Chris Drake (born James Christian Droste, December 11, 1923 – July 9, 2006) was an American actor best known for his co-star role of the 1950s television series Sheena, Queen of the Jungle, in which he co-starred with Irish McCalla.

==Early life==

Drake was born near Richmond, Virginia. He traced his family's roots in Virginia back to 1638. When he was 10 years old, he moved with his family to California, after his father had developed an incurable skin condition. They settled in Manhattan Beach. Drake graduated from El Segundo High School.
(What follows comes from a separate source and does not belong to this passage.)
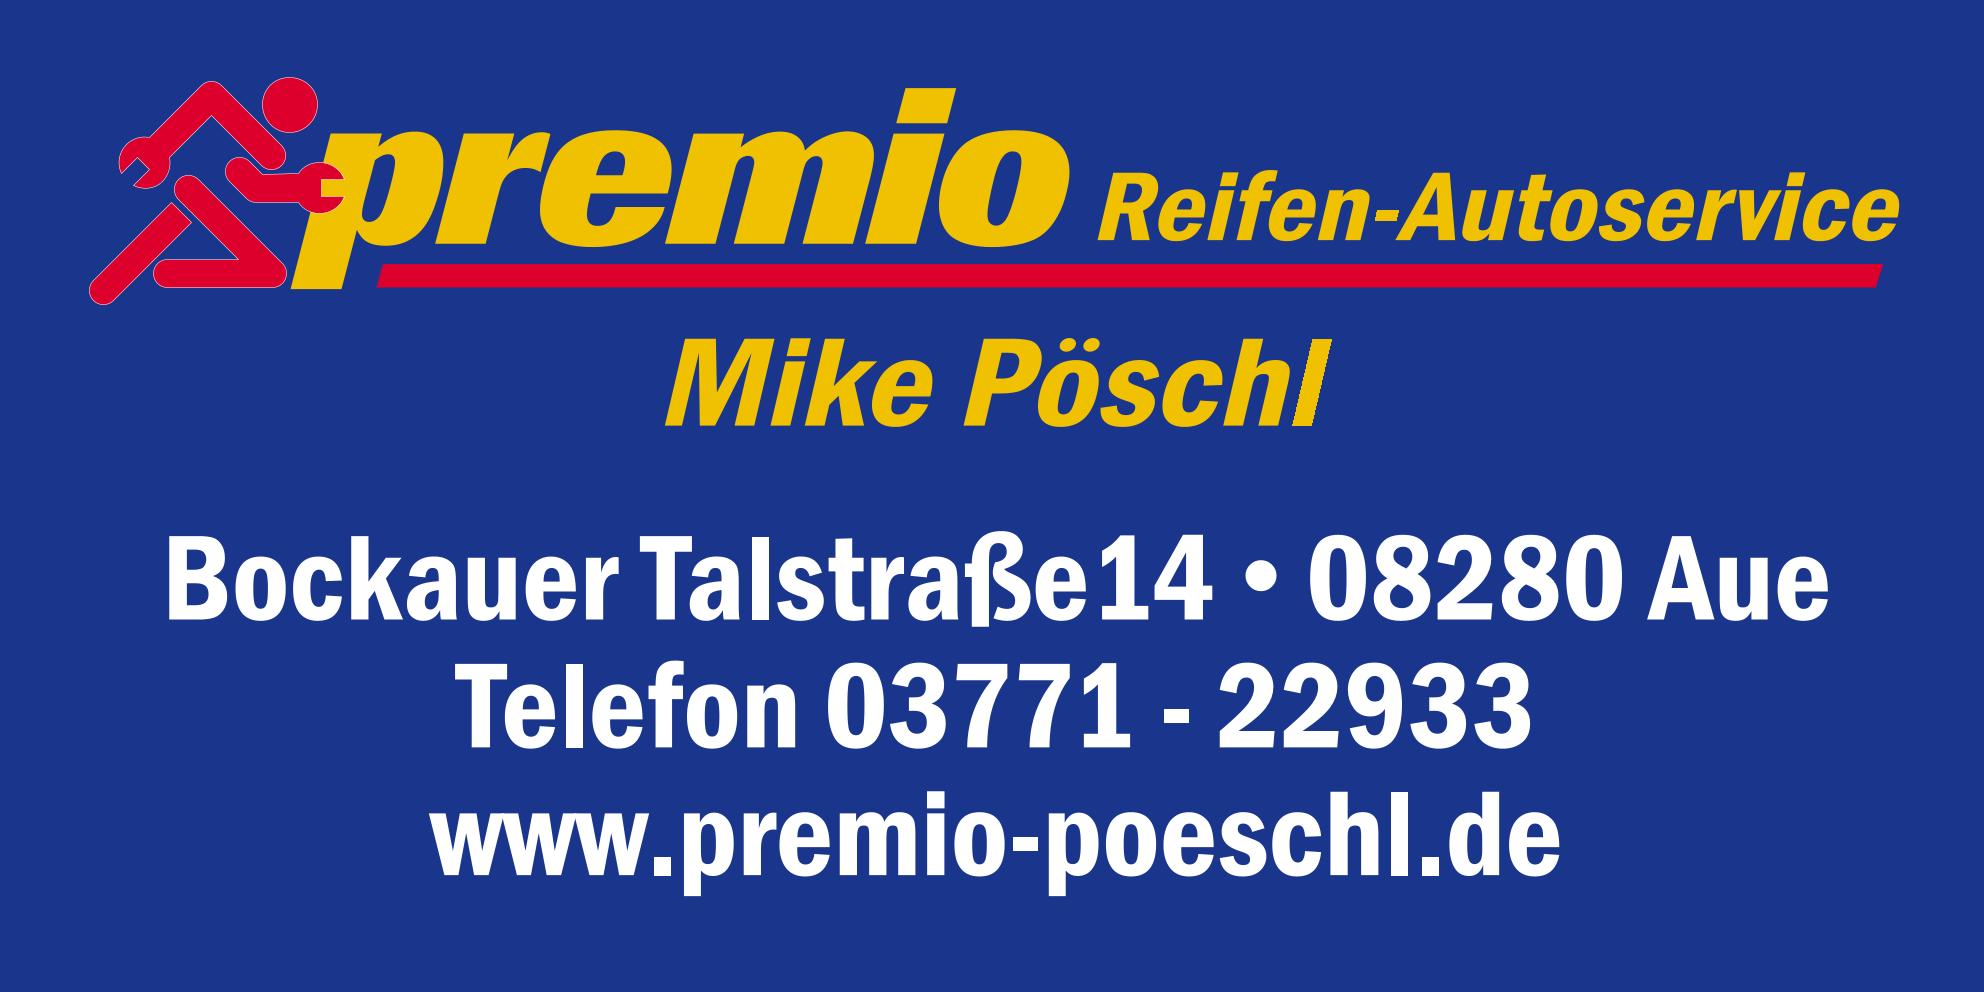 Fahrwerk-Reifenservice Premio-Pöschl, Inhaber Mike Pöschl

He joined and served in the United States Marine Corps from 1942 to 1944 during World War II and fought, as a member of Carlson's Raiders, at Guadalcanal, where he suffered multiple wounds, after which he spent over 11 months in eight Naval Hospitals and was awarded the Purple Heart. Additionally, he also received two presidential unit citations for gallantry.

== Career ==
After he played a bit part in an RKO film, the studio signed Drake to a long-term contract. He had the leading role in the film Forever My Love. He also co-starred in the 1954 Sci-Fi film Them! and appeared on such television series as Lassie, Stories of the Century (as Burt Alvord), Tales of Wells Fargo (as Charlie Ford), Dragnet, and The Lone Ranger.

Following his acting career, he sold real estate in California, owning wholly or a portion of 11 real estate offices in and around Palos Verdes, until 1990. He retired two years later to his native Virginia, where he died in 2006, aged 82.